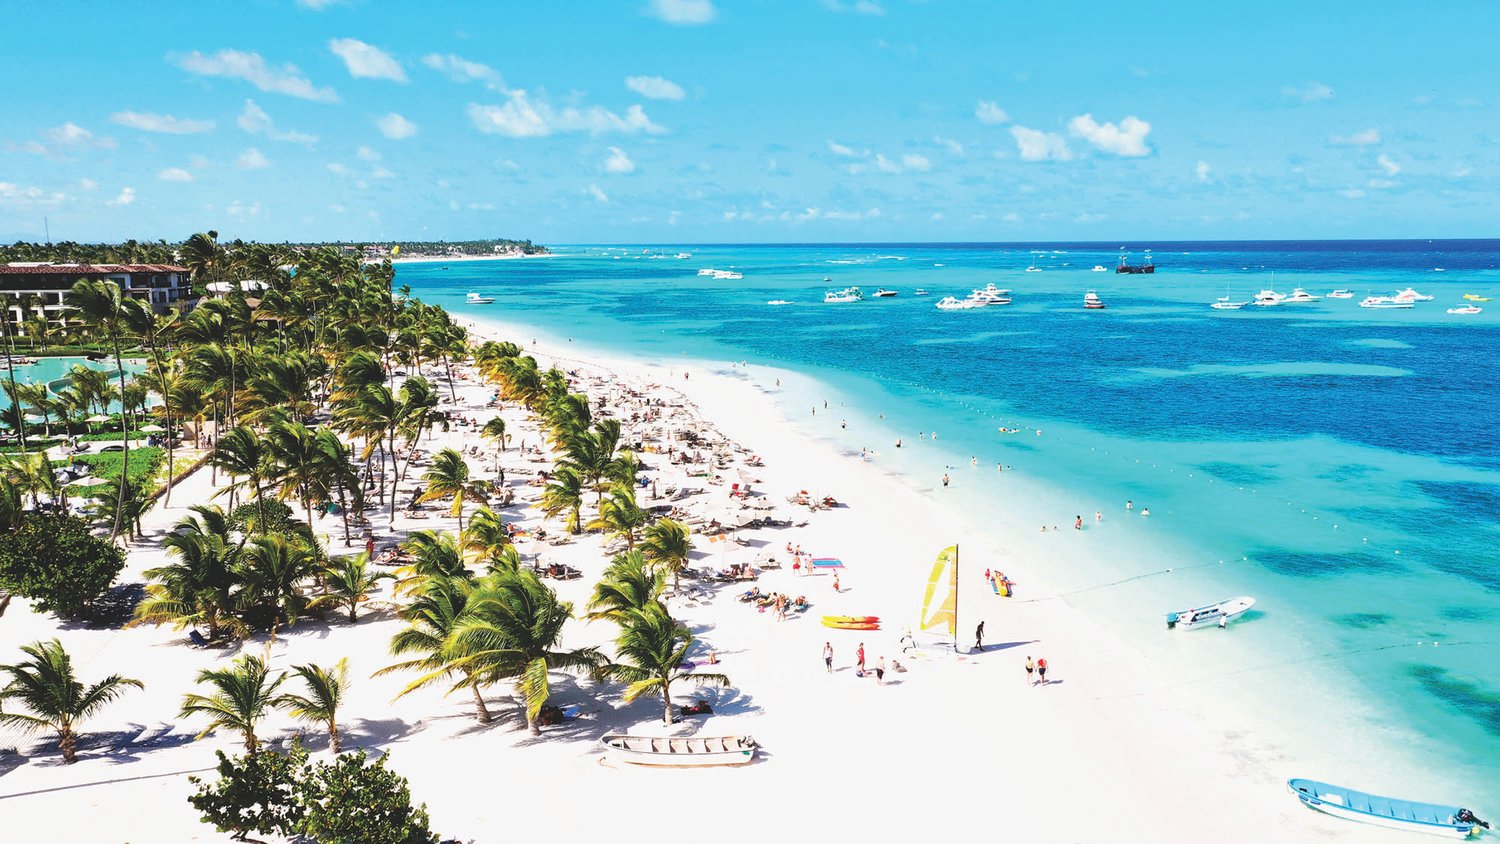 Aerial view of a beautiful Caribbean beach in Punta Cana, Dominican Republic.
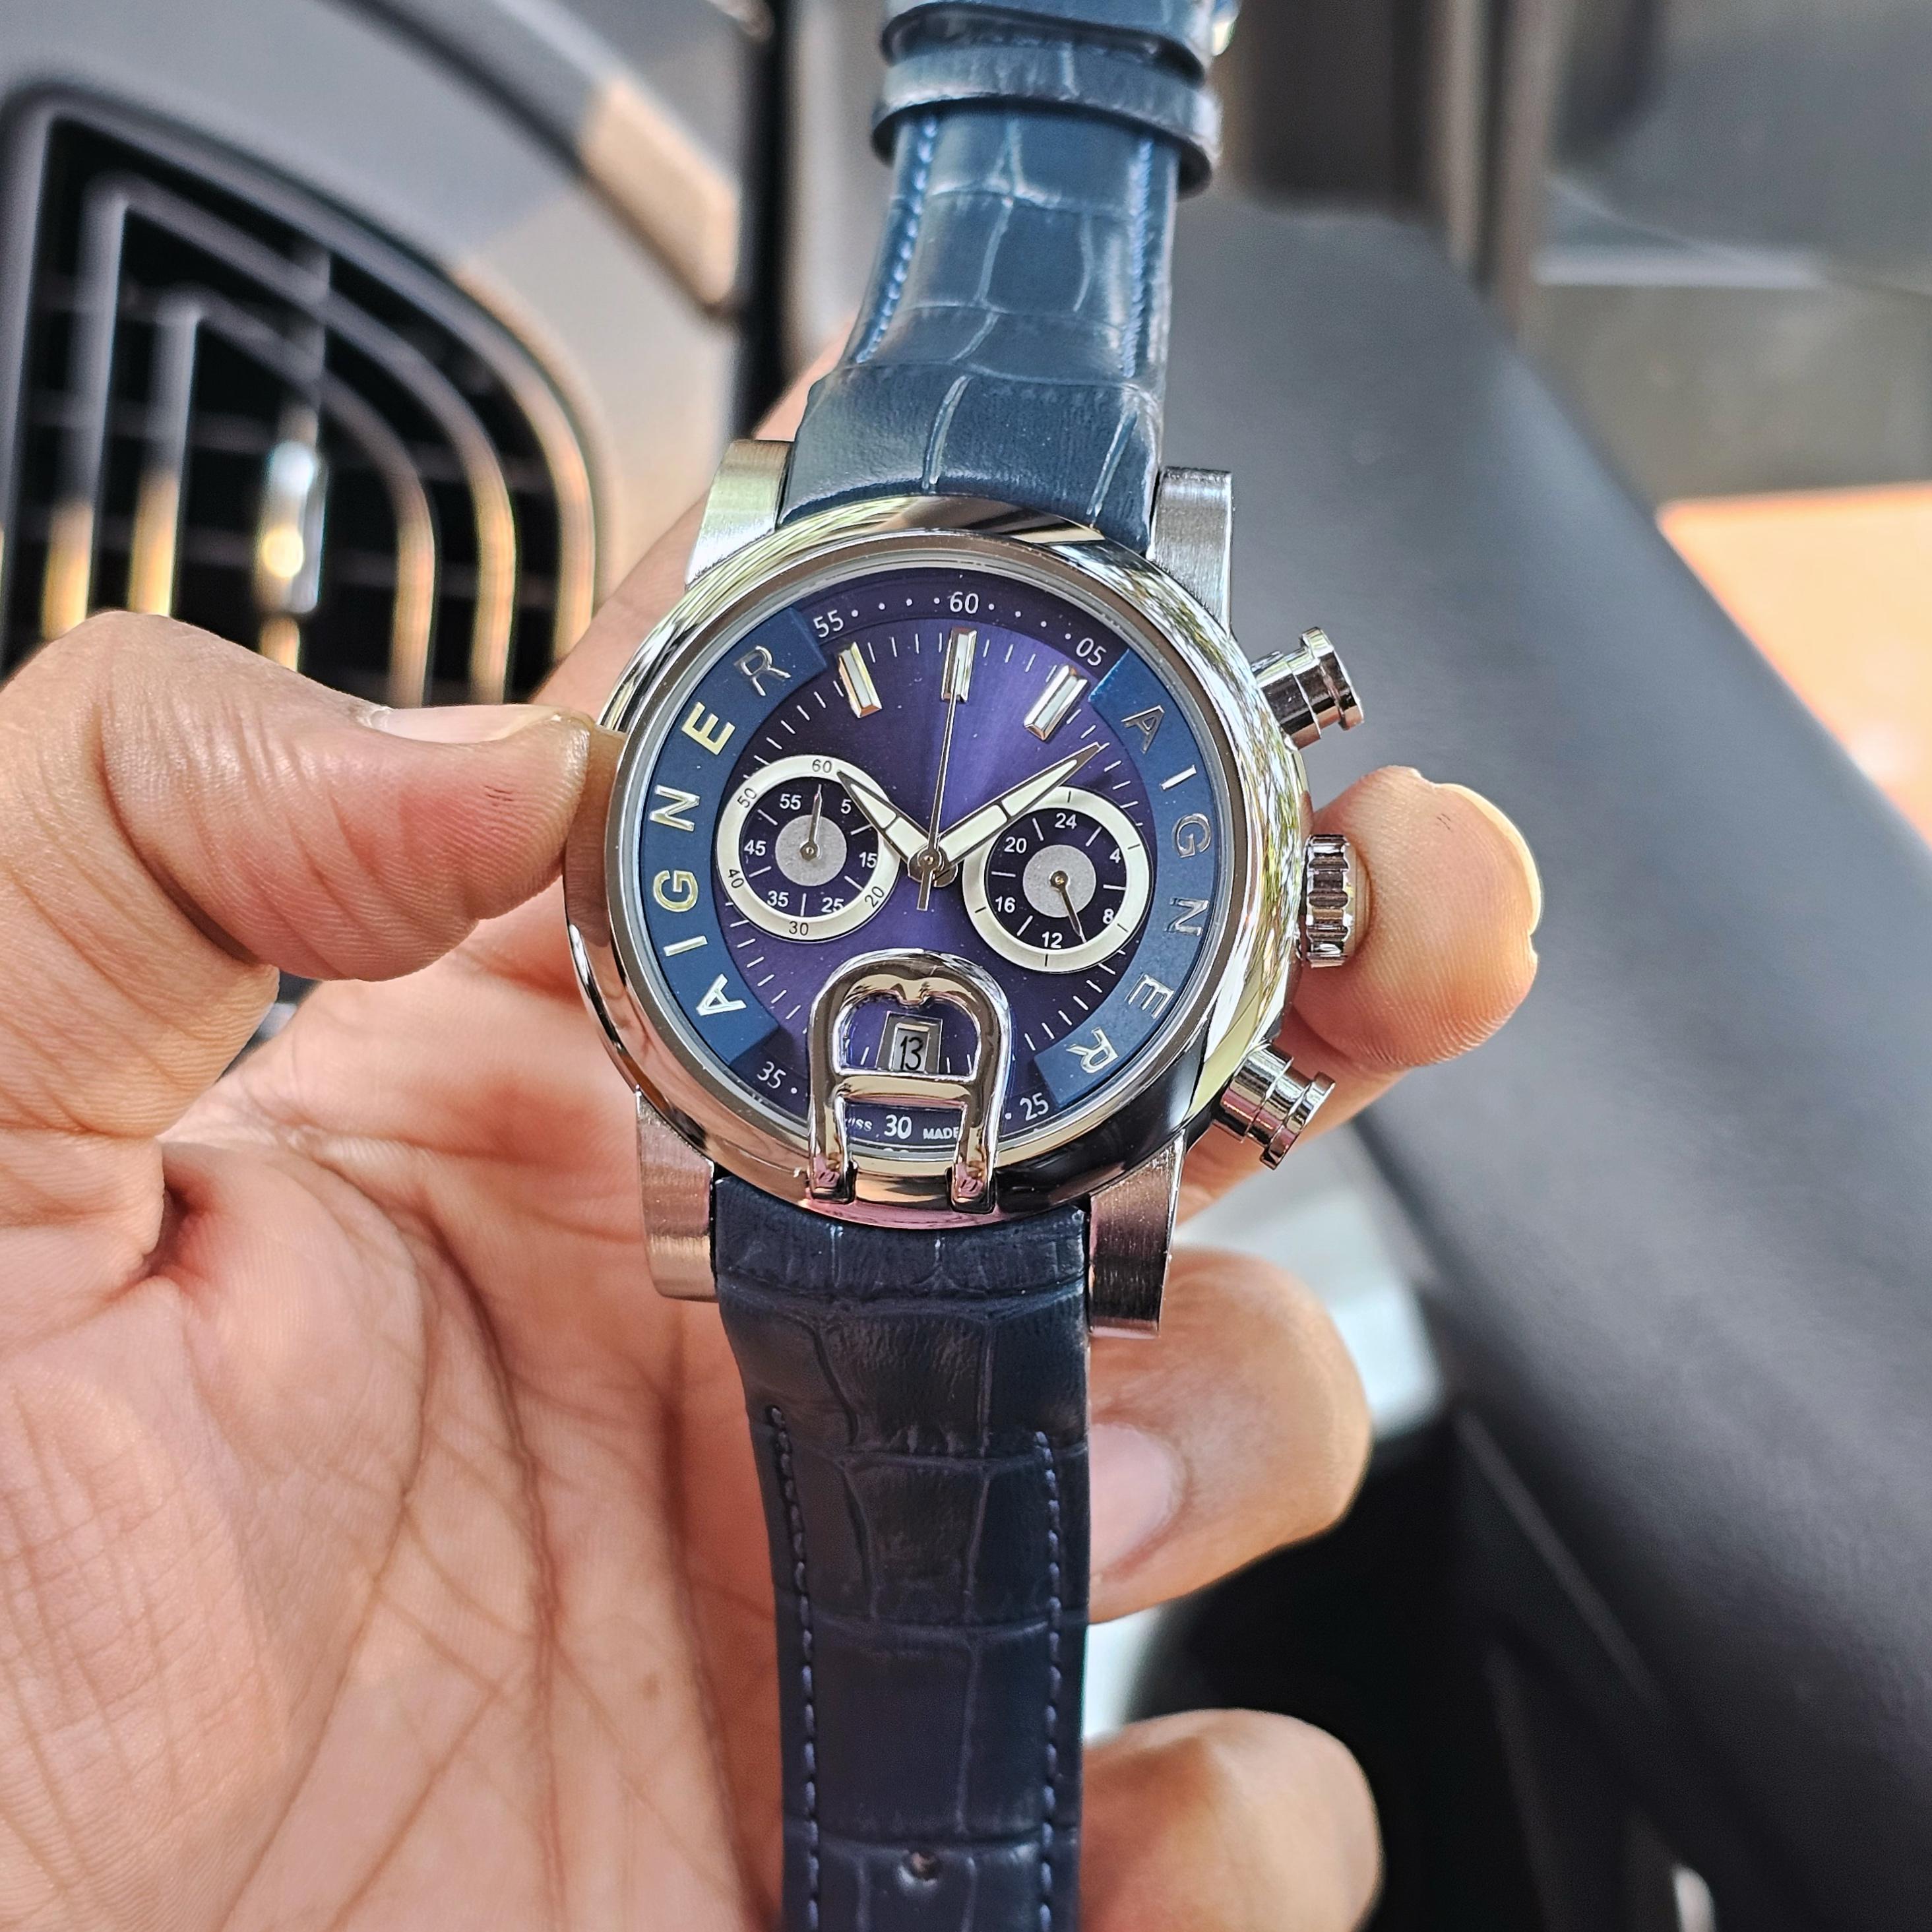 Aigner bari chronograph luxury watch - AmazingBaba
--
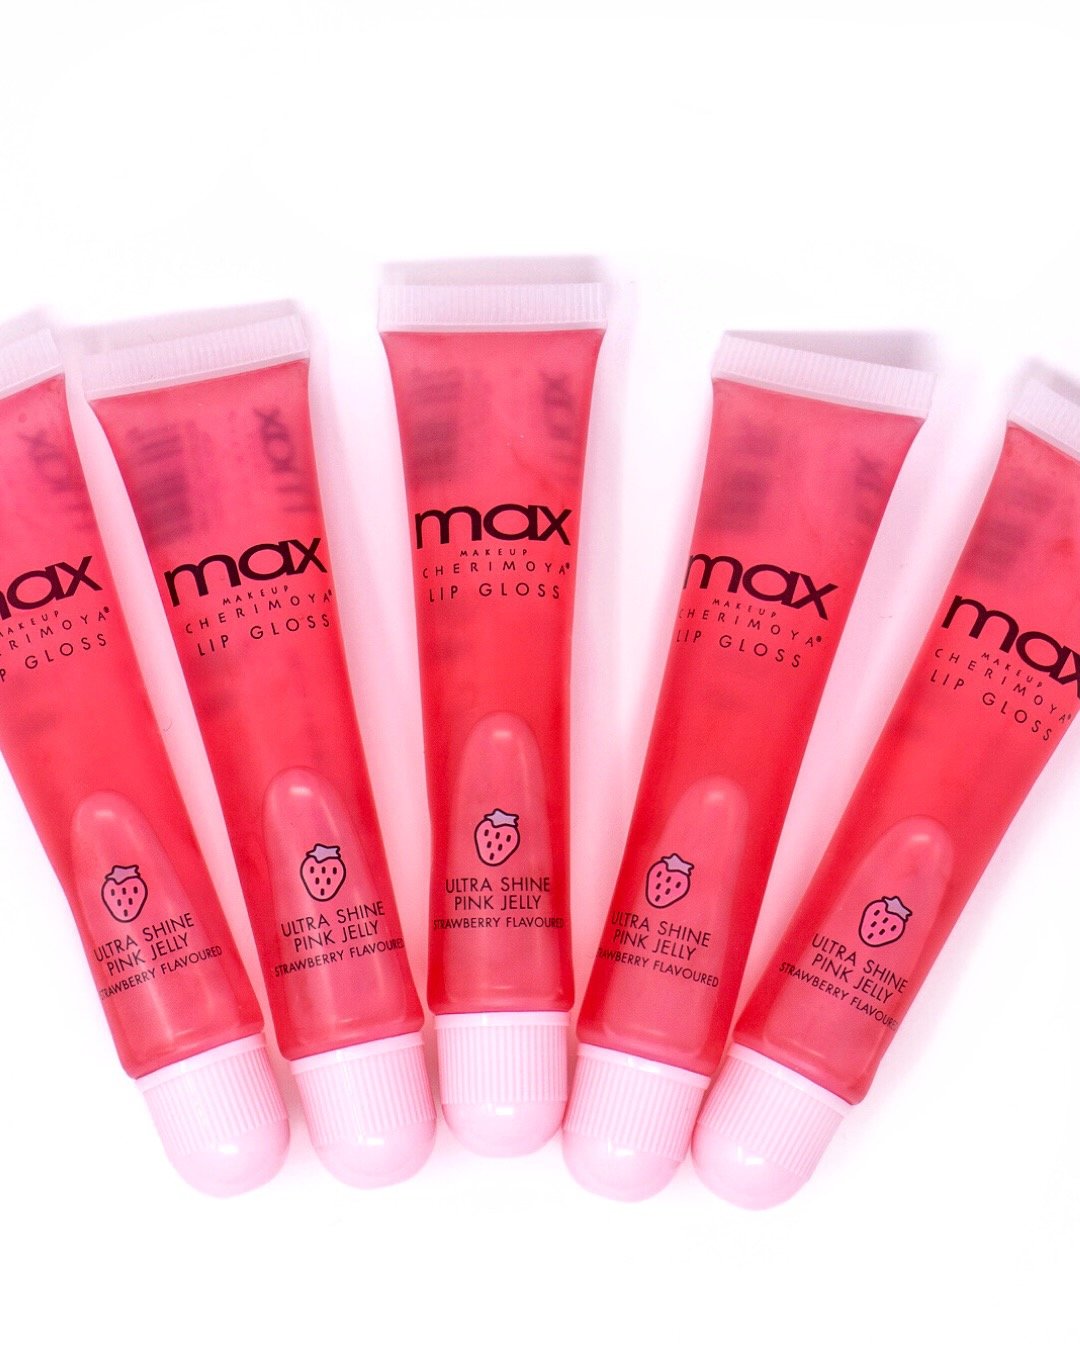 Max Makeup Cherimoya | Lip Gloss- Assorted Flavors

[Brief] What you return from the records above should be exactly everything from the line with "Aerial view of" down to the line with "Aigner bari chronograph", both kept, and no pictures.

[Your response]
 Aerial view of a beautiful Caribbean beach in Punta Cana, Dominican Republic.
 Aigner bari chronograph luxury watch - AmazingBaba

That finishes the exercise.